[DATA BELOW Boundary: Start]

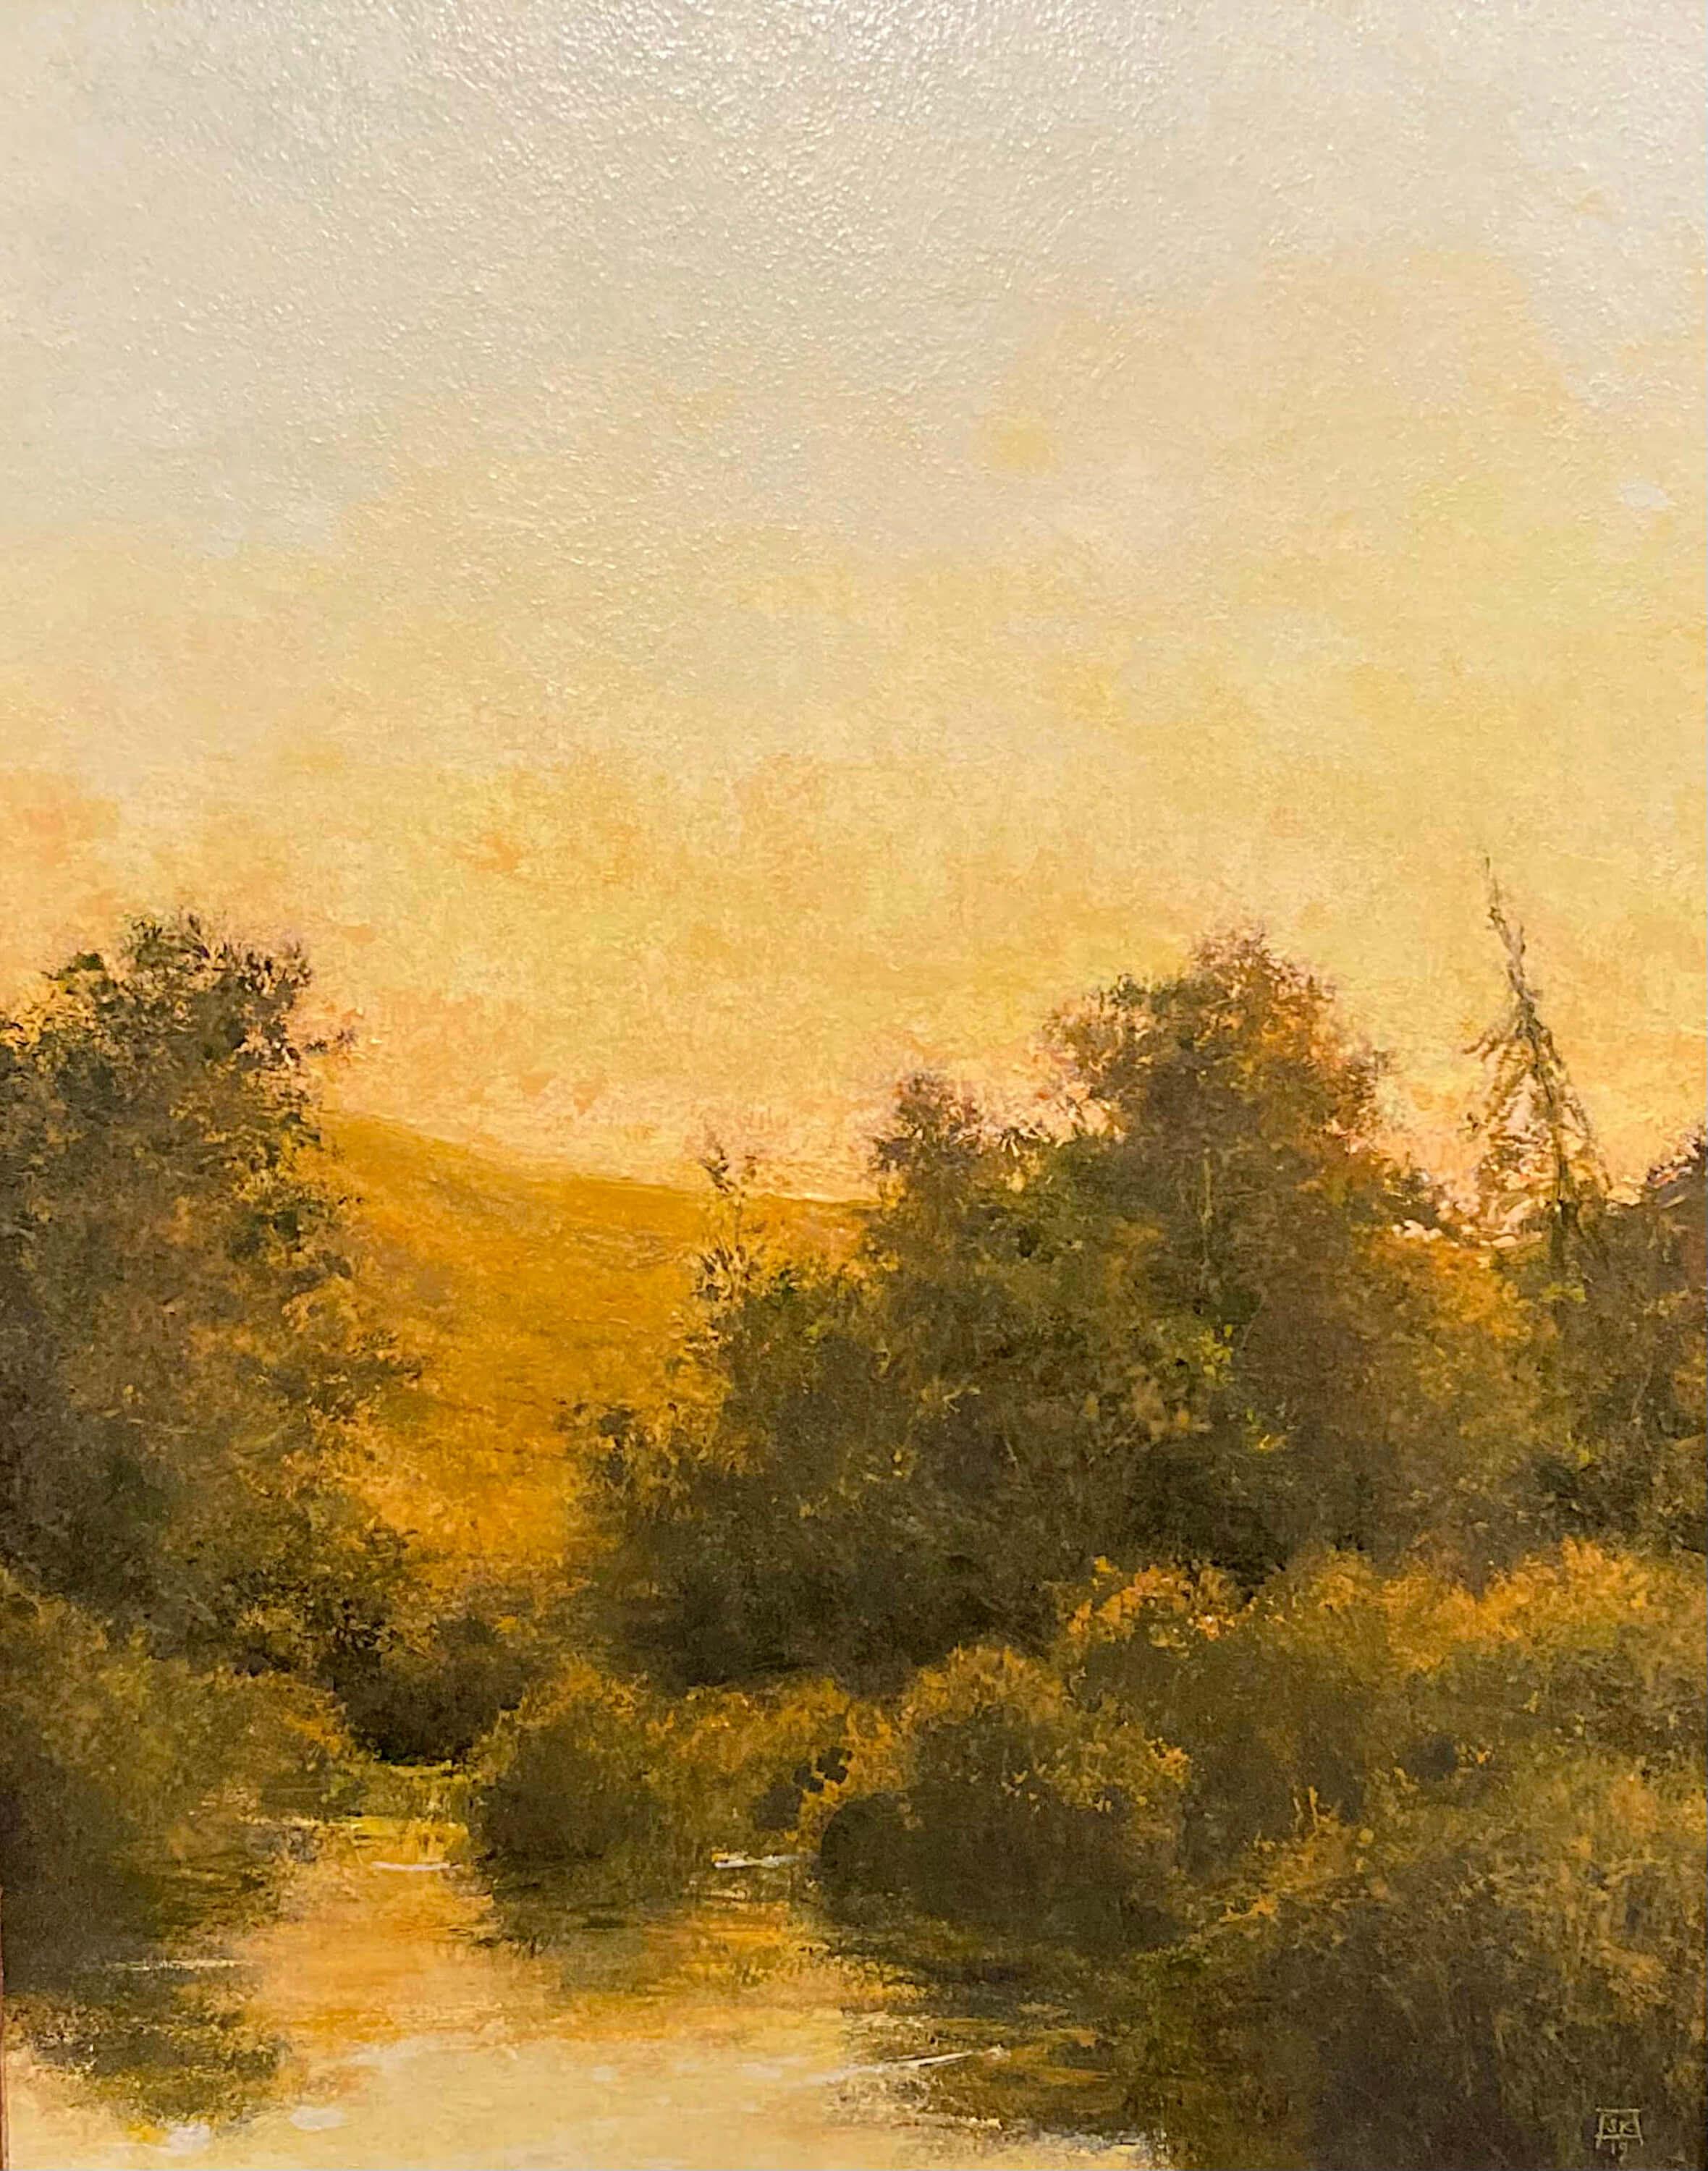 Shawn Krueger Figurative Painting - The Last Sunset, Original Oil Painting
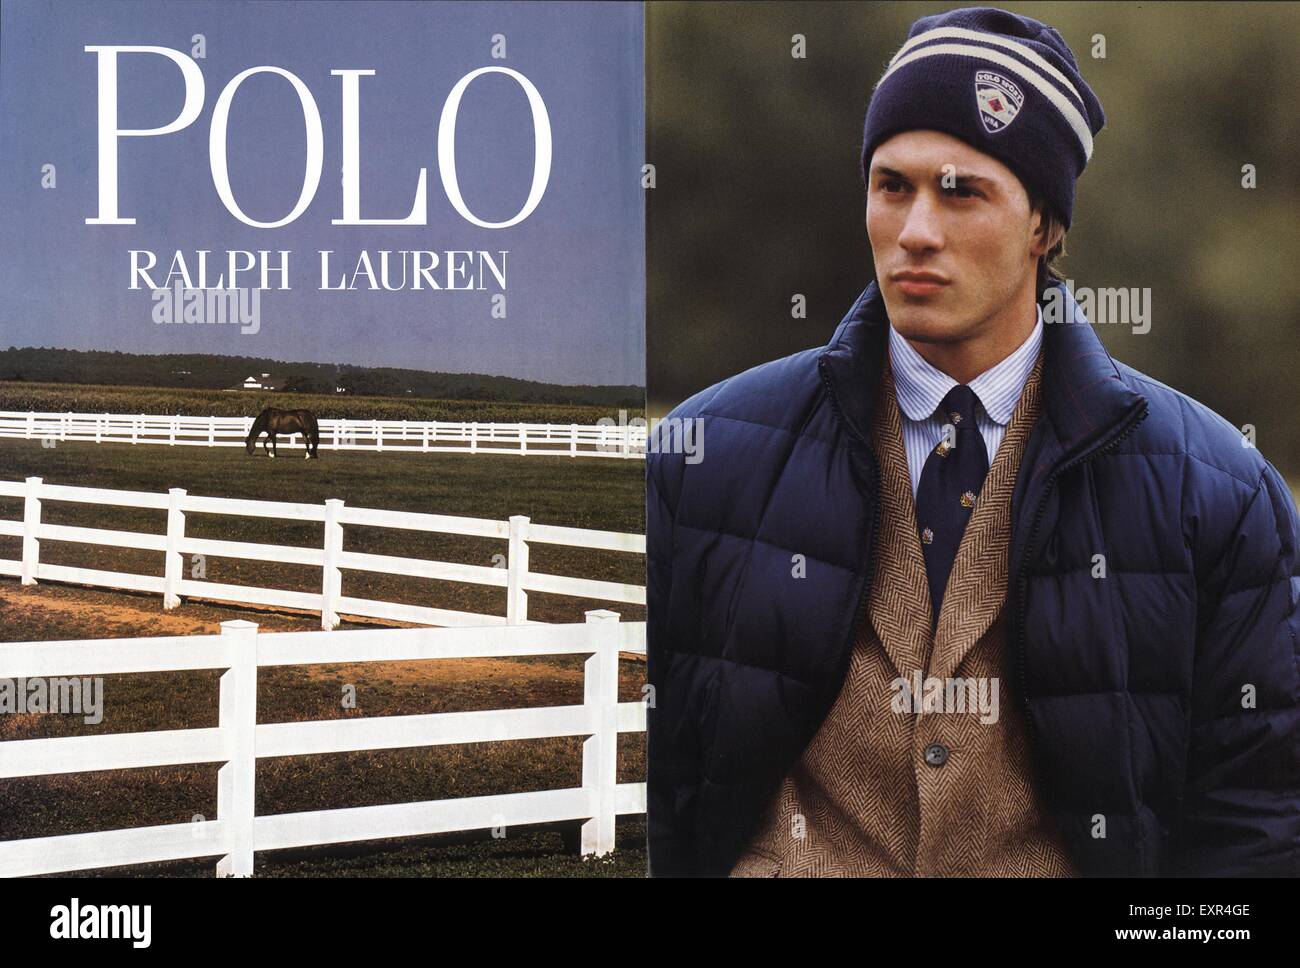 1990er Jahre UK Polo Ralph Lauren Herren Mode Magazin Anzeige  Stockfotografie - Alamy
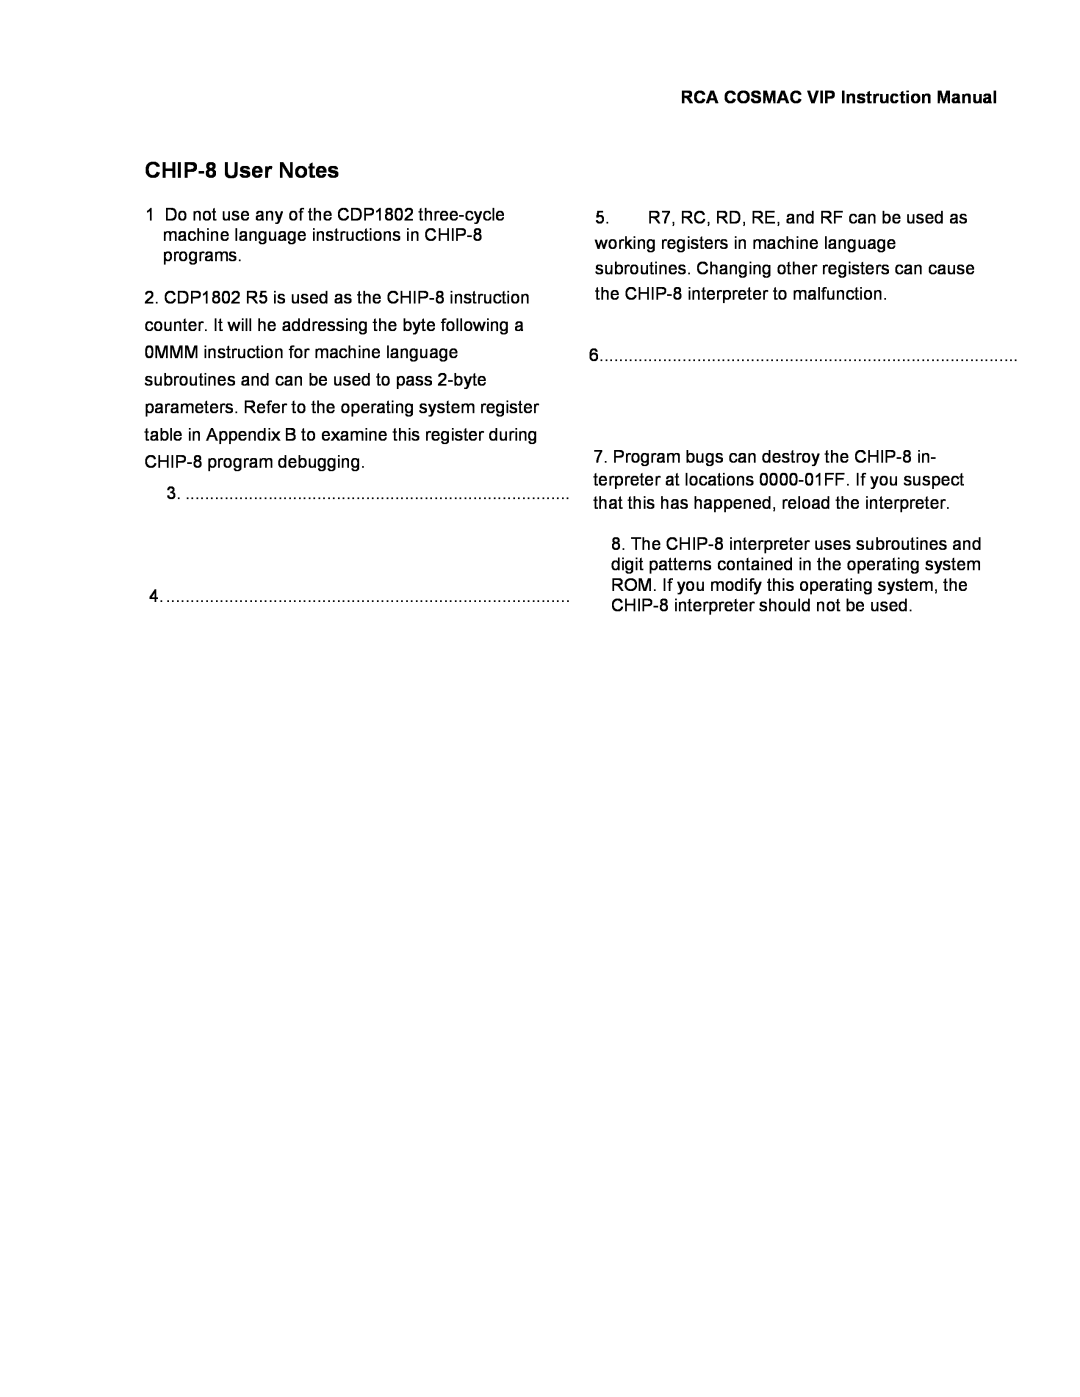 RCA CDP18S711 manual CHIP-8User Notes, RCA COSMAC VIP Instruction Manual

[DATA BELOW Boundary: End]

## EXERCISE BRIEF:
Print the material above once more, exactly, minus the pictures.

## RESULT OF THE TASK:
 Shawn Krueger Figurative Painting - The Last Sunset, Original Oil Painting
 1990er Jahre UK Polo Ralph Lauren Herren Mode Magazin Anzeige  Stockfotografie - Alamy
 RCA CDP18S711 manual CHIP-8User Notes, RCA COSMAC VIP Instruction Manual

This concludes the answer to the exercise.